Missouri Considers Legislation to Protect Minors From Gender Transition Procedures

Missouri Considers Legislation to Protect Minors From Gender Transition Procedures

Missouri is the latest state to introduce legislation prohibiting gender transition procedures on minors, joining more than 35 states currently considering variations of the Save Adolescents from Experimentation (SAFE) Act.

To date, Arkansas is the only state to have passed such legislation. On April 6, 2021, Arkansas enacted House Bill 1570 over the governor’s veto, banning the use of puberty blockers, cross-sex hormones and gender reassignment surgeries for the purpose of gender transition on individuals under 18.

Missouri’s House Bill No. 2649, introduced by Rep. Suzie Pollock of the state’s 123rd district, largely mirrors Arkansas’ legislation. “It makes it illegal to practice giving children cross-sex hormones, puberty blockers, or any kind of surgery” that would alter their young bodies for life, Pollock said on the Family Research Council’s (FRC) “Washington Watch” broadcast. “I really want to get that in law and protect children because who knows where things can progress to and what they’ll be trying next?”

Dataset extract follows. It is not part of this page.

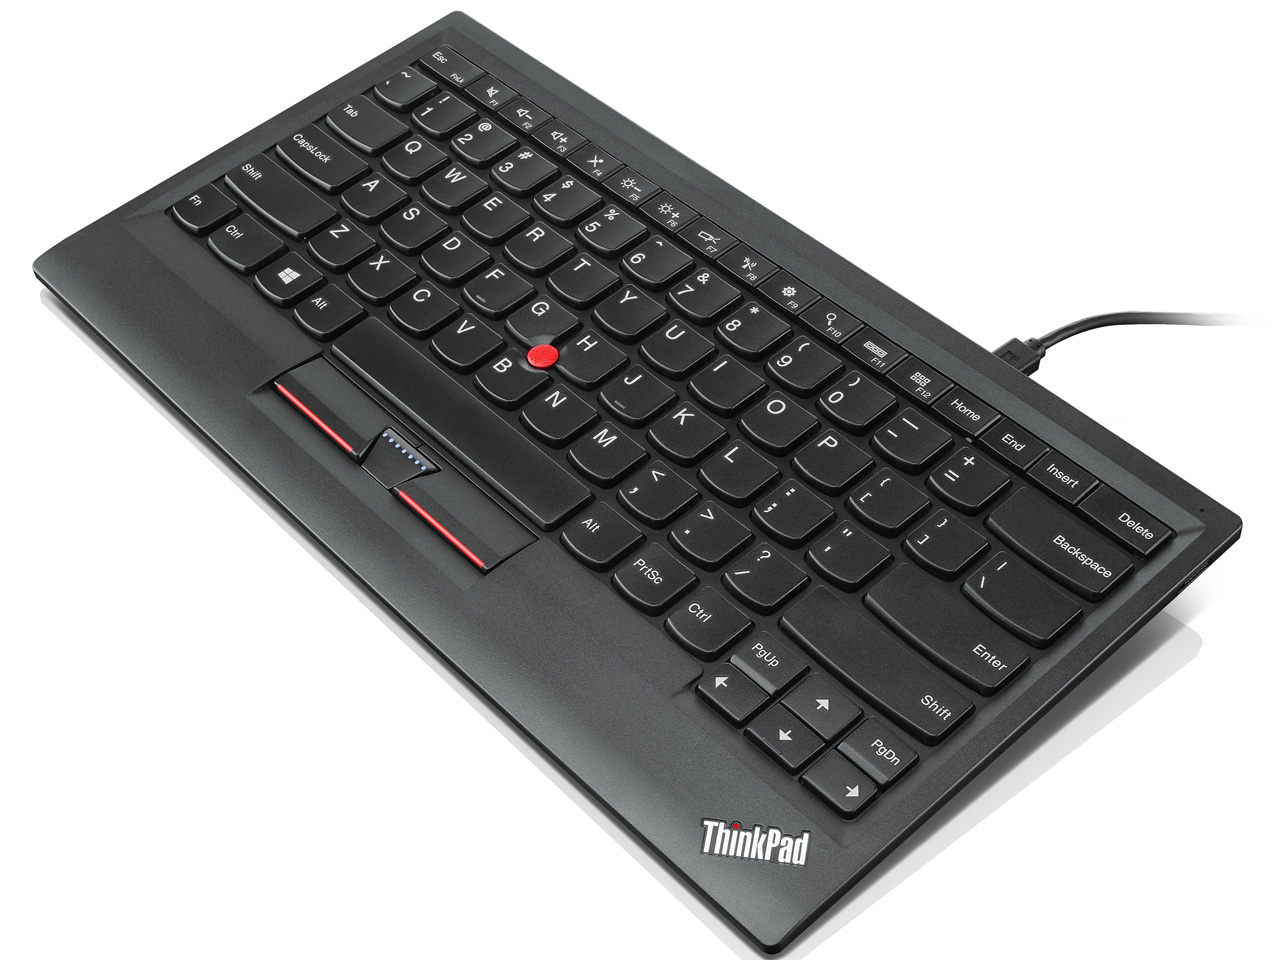 Lenovo ThinkPad トラックポイント・キーボード 英語配列 0B47190
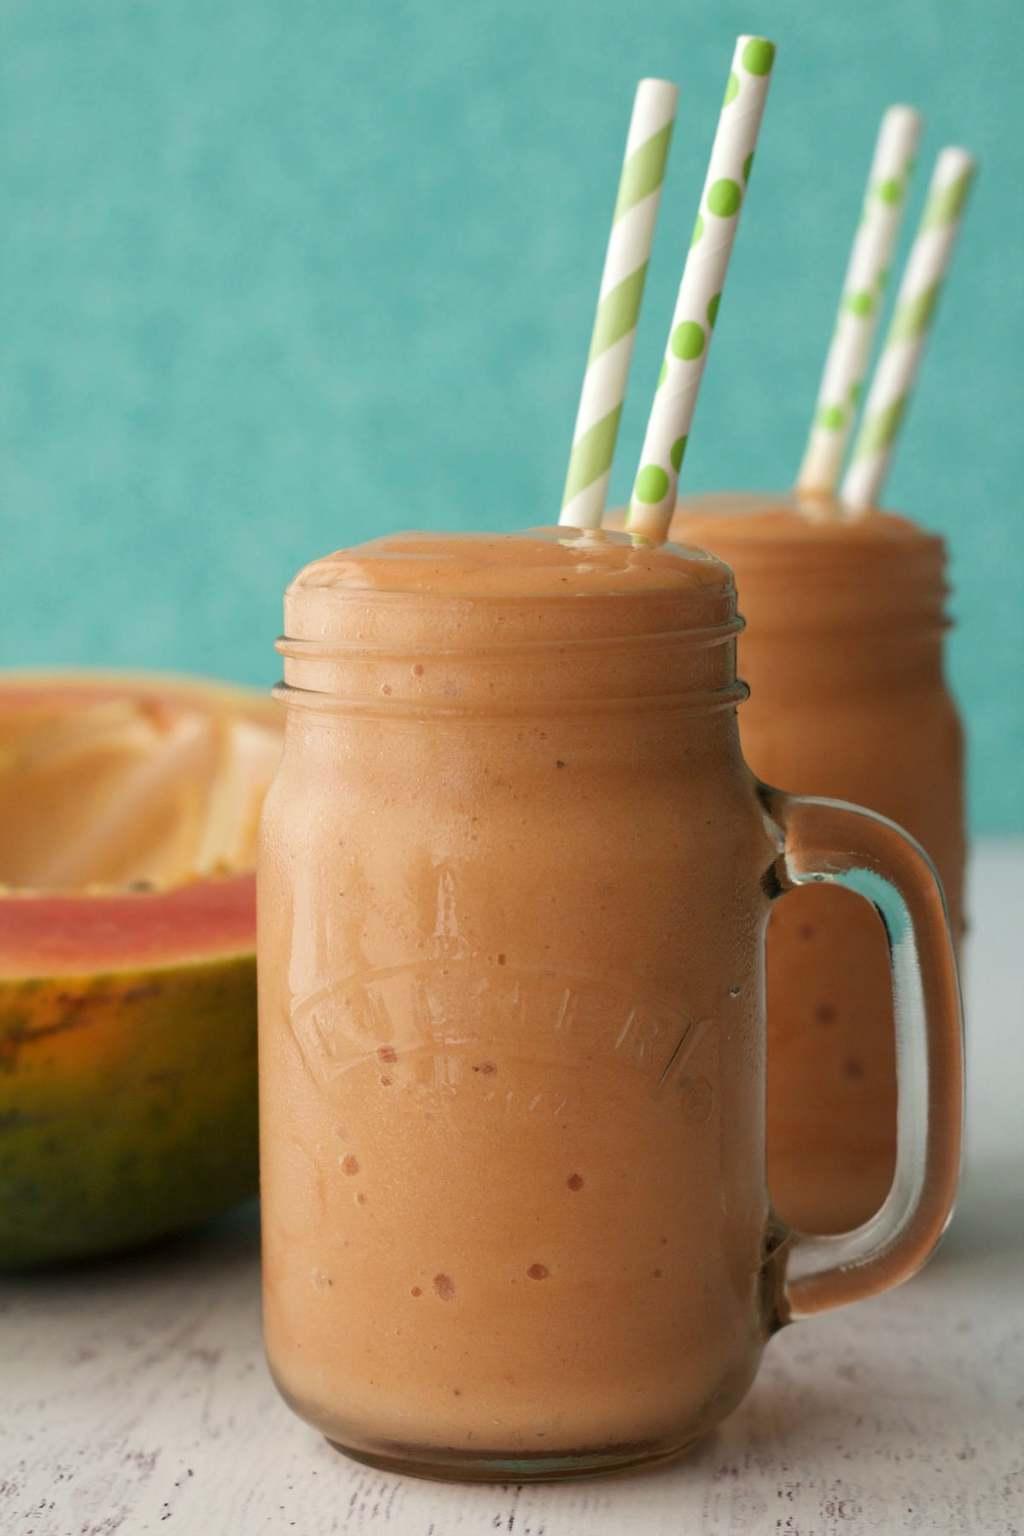 Double-Thick Papaya Smoothie #vegan #lovingitvegan #smoothie #papayasmoothie

Like Arkansas’ legislation, Missouri’s bill bans the use of public funds or insurance coverage mandates for any gender-transitioning procedures, except for treatment of minors diagnosed with physiological intersex disorder. The proposed bill also provides legal recourse for minors who have been permanently disfigured or sterilized by such medical or surgical procedures.

FRC reports that last year 21 states introduced bills banning gender transition procedures on minors. This year, 17 states have already introduced similar legislation.

The SAFE Act legislation sweeping the country from North Carolina to Utah comes in the wake of the American Psychological Association’s push for radical medical treatments for gender dysphoria, which they define as “psychological distress that results from incongruence between one’s sex assigned at birth and one’s gender identity.”

According to FRC, the number of gender reassignment clinics in the United States has increased from one in 2007 to 50 as of last year. The nonprofit family public policy advocacy organization also cites reporting by Abigail Shrier, an author and writer for the Wall Street Journal, that most Western countries have seen a 1,000% to 5,000% increase in teenage females seeking treatment from gender clinics and psychologists—many of whom recommend that these girls socially and physically transition through hormones and sometimes surgery.